Although she will continue to develop new tools such as MISTs for the research community and apply them to basic studies, Karpova's research philosophy also emphasizes applying those tools to help in understanding mental disease. "I really want my work to have a tangible link to disease, because it is more fulfilling to me personally to contribute to understanding disease and helping people," she says.
Karpova's studies of the reward circuitry, for example, will aim at understanding how that system goes awry in disorders such as drug addiction and obsessive-compulsive disorder. "I hope the animal studies of this system will help us understand such diseases of perseveration, in which people continue to do something despite a detrimental outcome," she says.
Karpova says MISTs themselves may ultimately have clinical application. They might be used in therapy for disorders such as epilepsy and Parkinson's disease that are caused by neuronal hyperactivity in regions of the brain. MISTs could be used to selectively silence that hyperactivity, she says. For example, clinicians could use the reversible technique to temporarily shut off specific neural circuits to pinpoint the focus of epileptic seizures or Parkinson's symptoms.
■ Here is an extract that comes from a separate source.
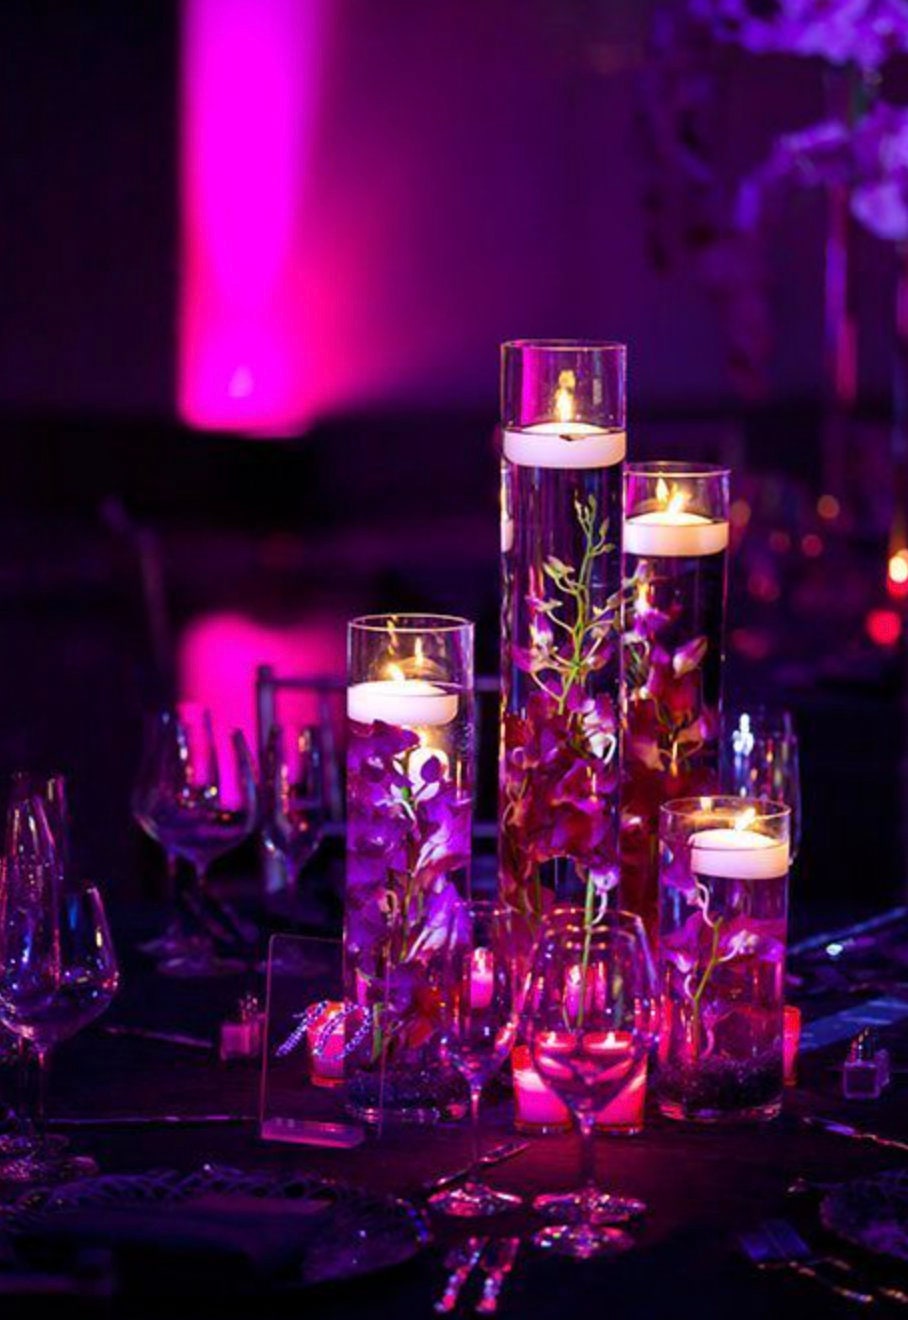 6 Cylinder Glass Vases Hurricane Vase Wholesale Centerpieces Table Decorations Event Wedding Reception Aisle Decor Candle Holders Free Ship

Such information could be used as a diagnostic to guide surgical or other therapeutic interventions.
In Karpova's opinion, the major strengths of Janelia are its collaborative atmosphere and the freedom to do research. "Having the major administrative responsibilities taken off your shoulders gives you the time to devote to research and mentoring people," she says. "I really enjoy doing science, and I highly value good mentoring. Throughout the early stages of my career, there have been several established scientists, sometimes even outside of my institutions, who have been so generous with their time in helping me learn and evolve my ideas and in giving me valuable advice on career development. I would have never been where I am right now without their support."
"Janelia affords an incredible opportunity both to do excellent science in a wonderfully open and collaborative environment and to mentor young scientists. So, as a lab head, I hope to contribute not only my scientific skills, but my efforts at mentoring people in my lab as well as others," says Karpova.